### To do:
Please repeat the data below exactly, with the pictures removed.

[[ Data below open ]]

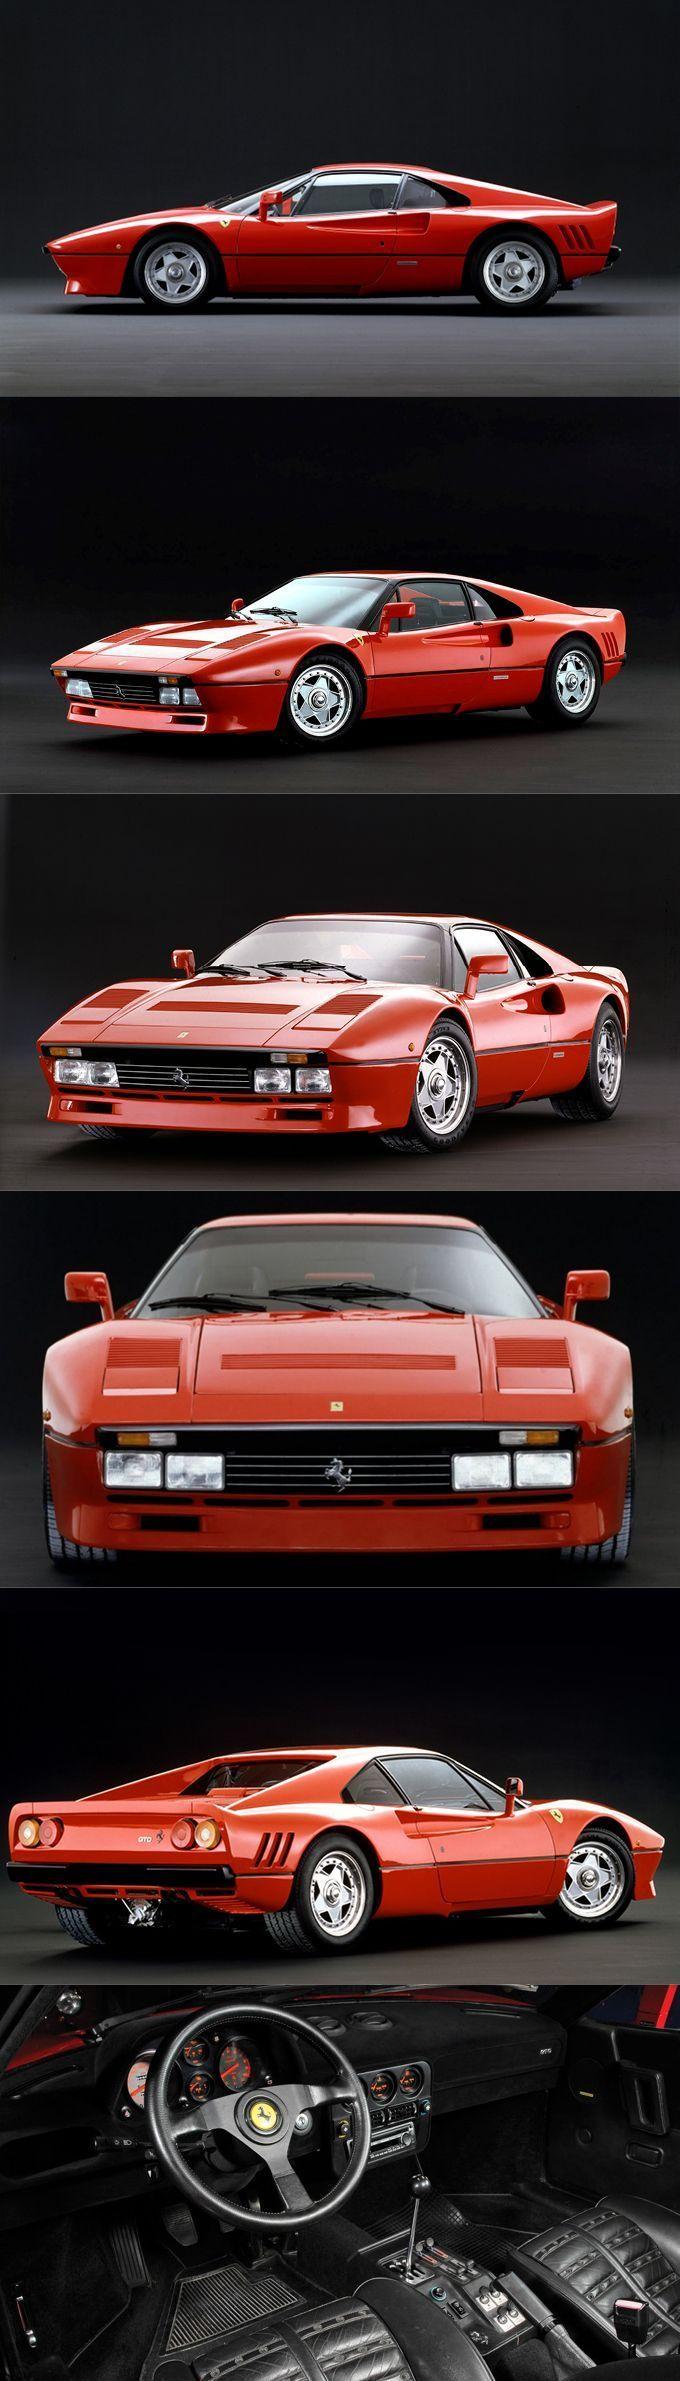 1984 #ferrari 288 GTO / Group B homologation / 272pcs / red / Italy / Leonardo Fioravanti @ Pininfarina / 16-172
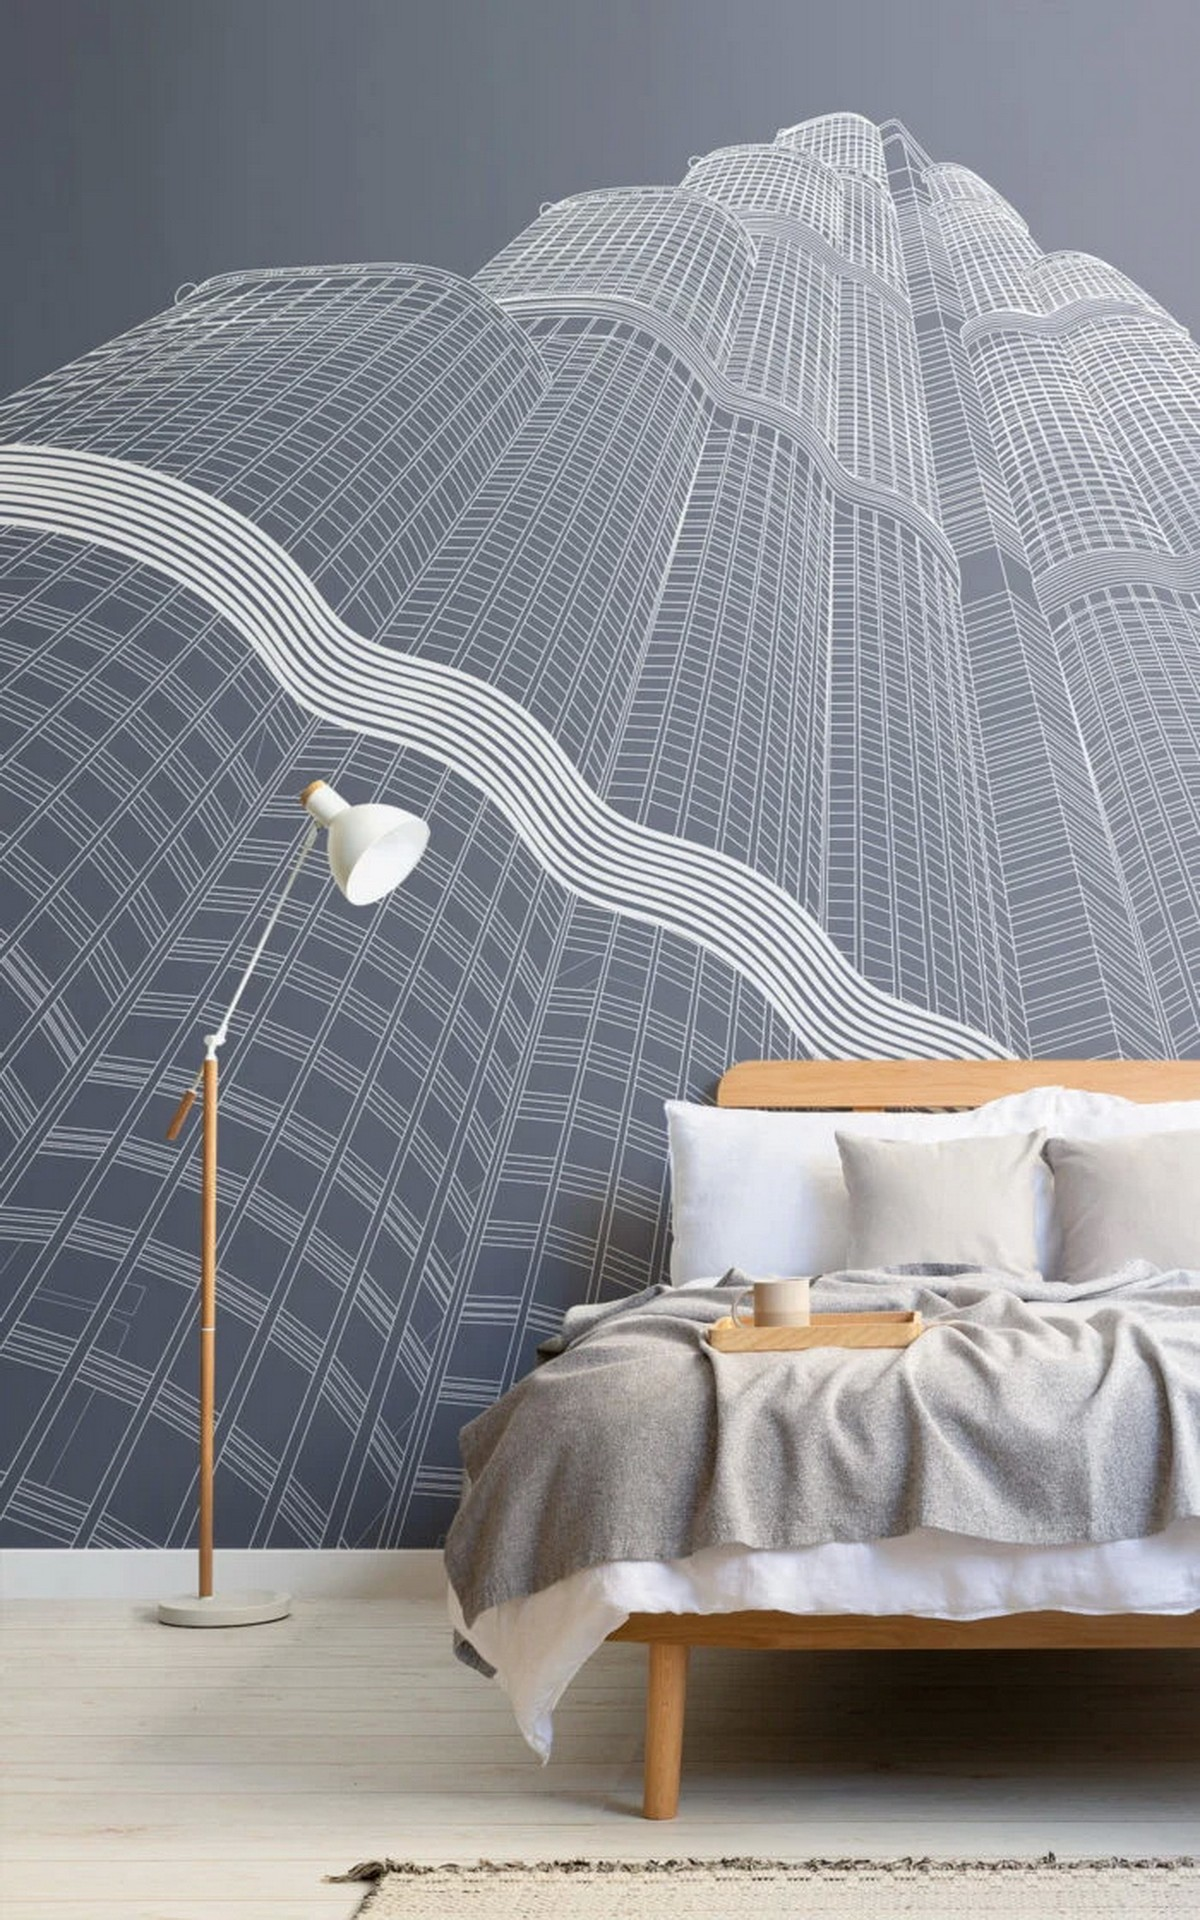 walldeko-Διακοσμητική τοιχογραφία στο εσωτερικό 03
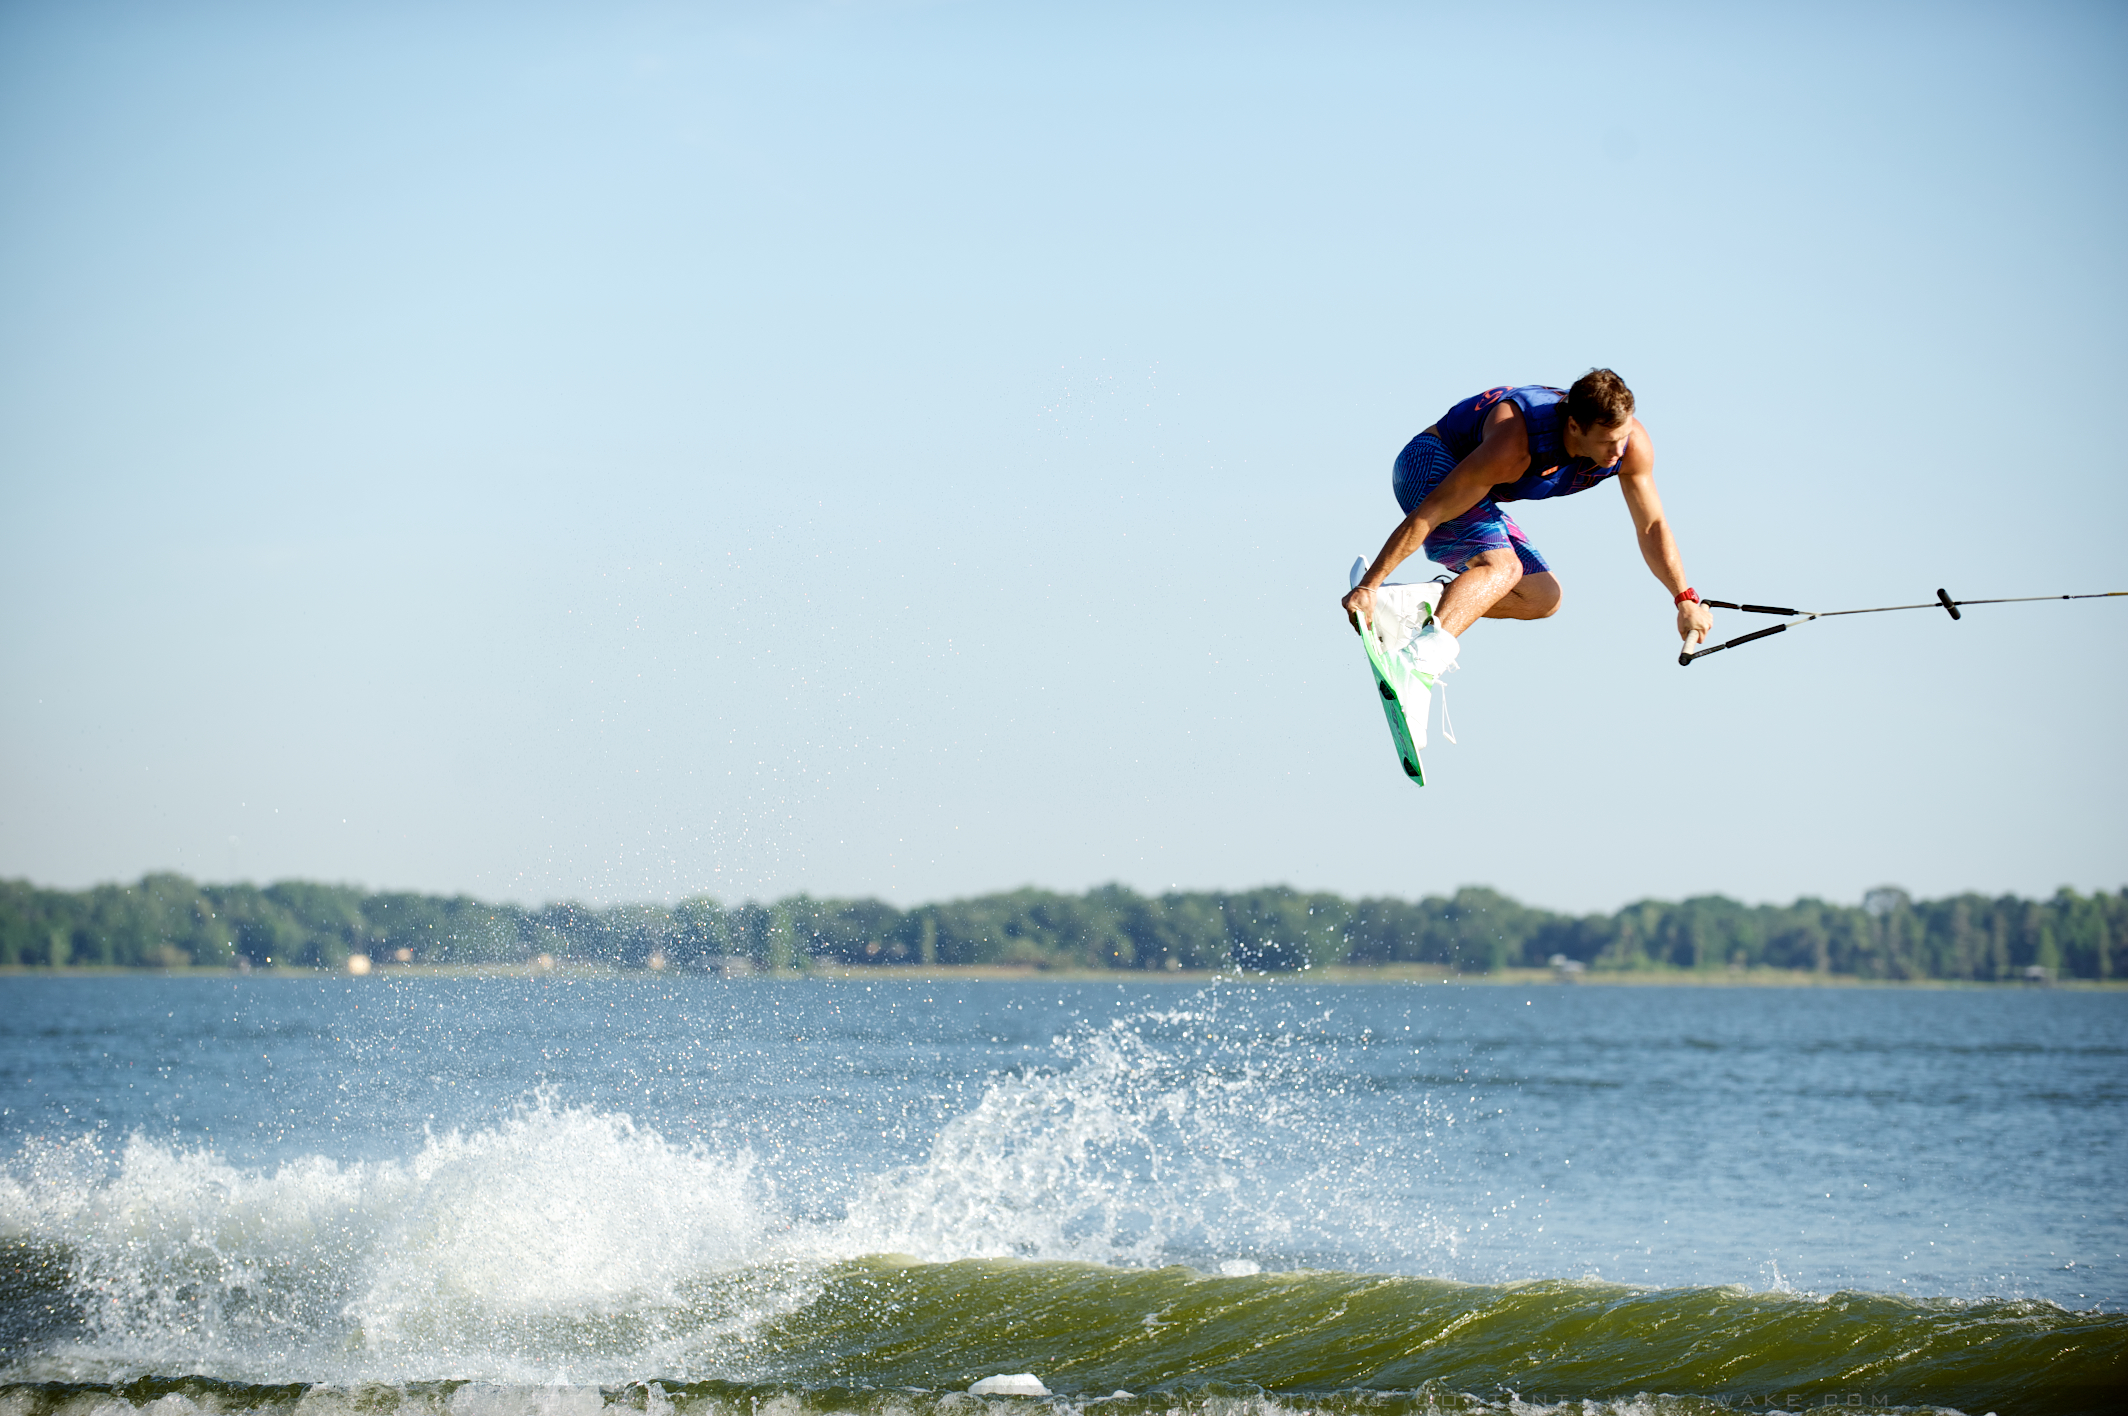 brad smeele pro wakeboarder new zealand

[[ Data below closed ]]

### Answer section:
 1984 #ferrari 288 GTO / Group B homologation / 272pcs / red / Italy / Leonardo Fioravanti @ Pininfarina / 16-172
 walldeko-Διακοσμητική τοιχογραφία στο εσωτερικό 03
 brad smeele pro wakeboarder new zealand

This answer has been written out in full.